Question

If the value of $\cos x = \dfrac{1}{2}$ and $\tan B = \dfrac{1}{{\sqrt 3 }}$ , Find $\sin \left( {x + B} \right)$.

Answer 1

Hint: To solve this type of question we must know the concept of trigonometry, its properties and its ratios.
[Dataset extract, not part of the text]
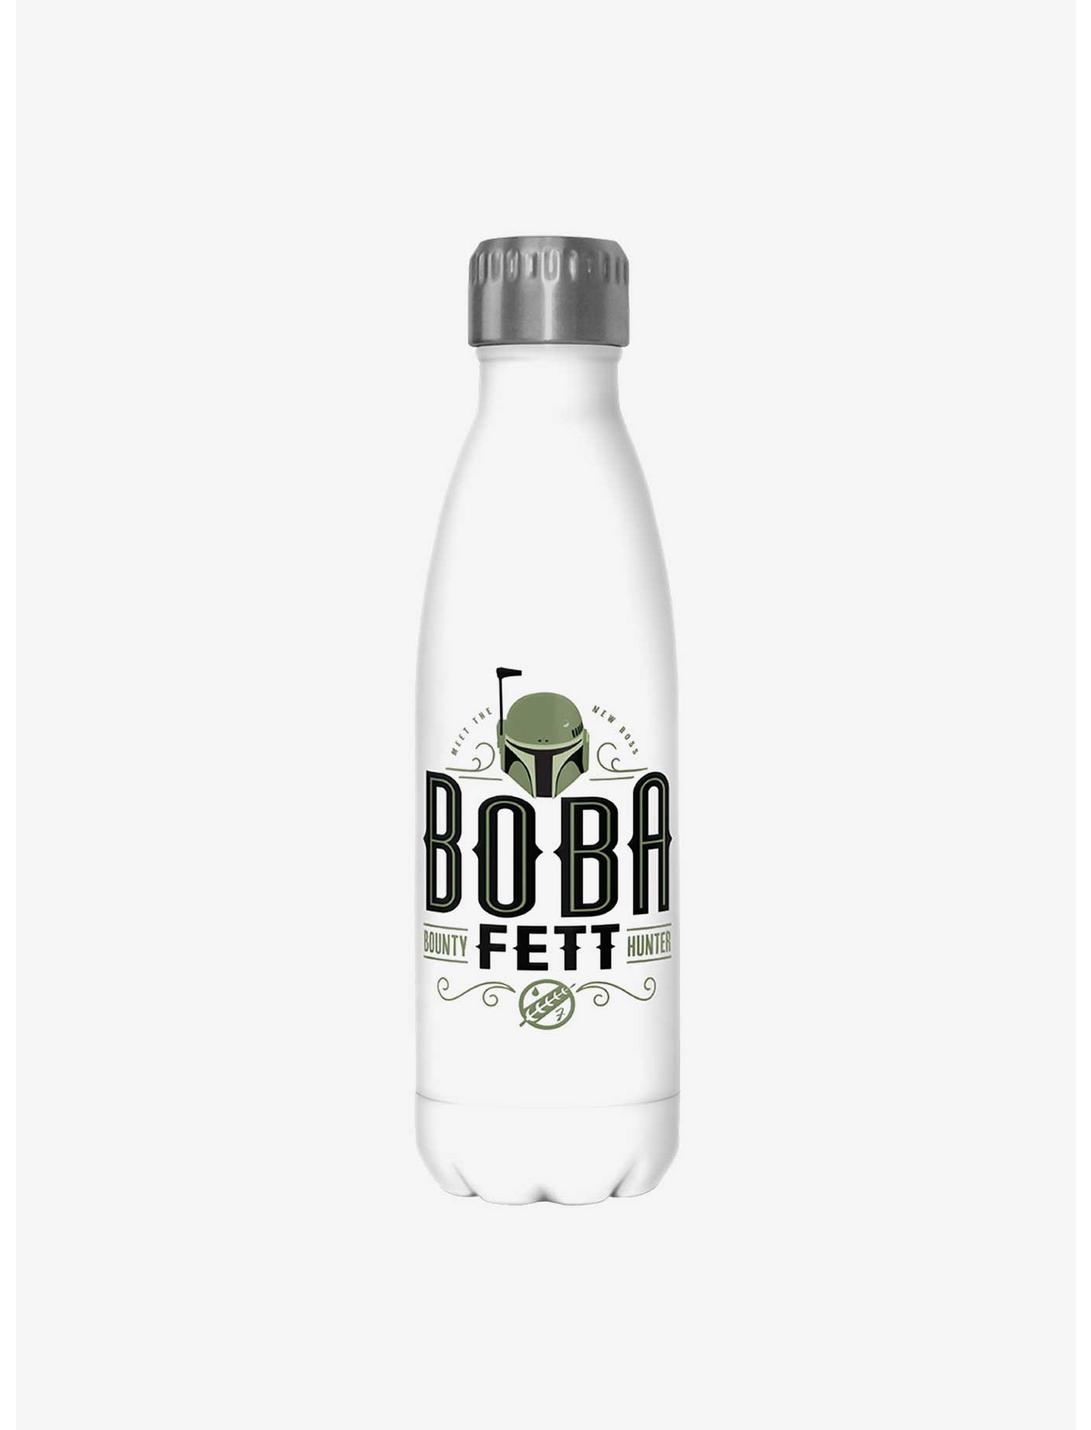 Star Wars The Book of Boba Fett Boba Fett Bounty Hunter White Stainless Steel Water Bottle, , hi-res

Here, firstly we find the value of x as we know that cos ${60^ \circ }$ =$\dfrac{1}{2}$. Similarly, we find the value of B. Thus we find the value of $\sin \left( {x + B} \right)$.

Complete Step-by-Step solution:
Here we are given with $\cos x = \dfrac{1}{2}$
But we know that $\cos {60^ \circ } = \dfrac{1}{2}$
So we get x= ${60^ \circ }$
Also we are given that $\tan B = \dfrac{1}{{\sqrt 3 }}$
But we know that $\tan {30^ \circ } = \dfrac{1}{{\sqrt 3 }}$
So we get B = ${30^ \circ }$
$\sin \left( {x + B} \right) = \sin \left( {{{60}^ \circ } + {{30}^ \circ }} \right)$
$\Rightarrow$ $\sin {90^ \circ }$
And as per trigonometric ratio of sin ${90^ \circ }$ = 1 , so we will get ${90^ \circ }$
Therefore, $\sin \left( {x + B} \right) = 1$

Note: To solve this question we must know all the six trigonometric functions and those are sine function, tangent function, cosecant function, cotangent function, cosine function, secant function. Trigonometry has degrees like ${0^ \circ }, {30^ \circ }, {45^ \circ }, {60^ \circ }, {90^ \circ }$ which has their own varied values which are useful to solve this type of question.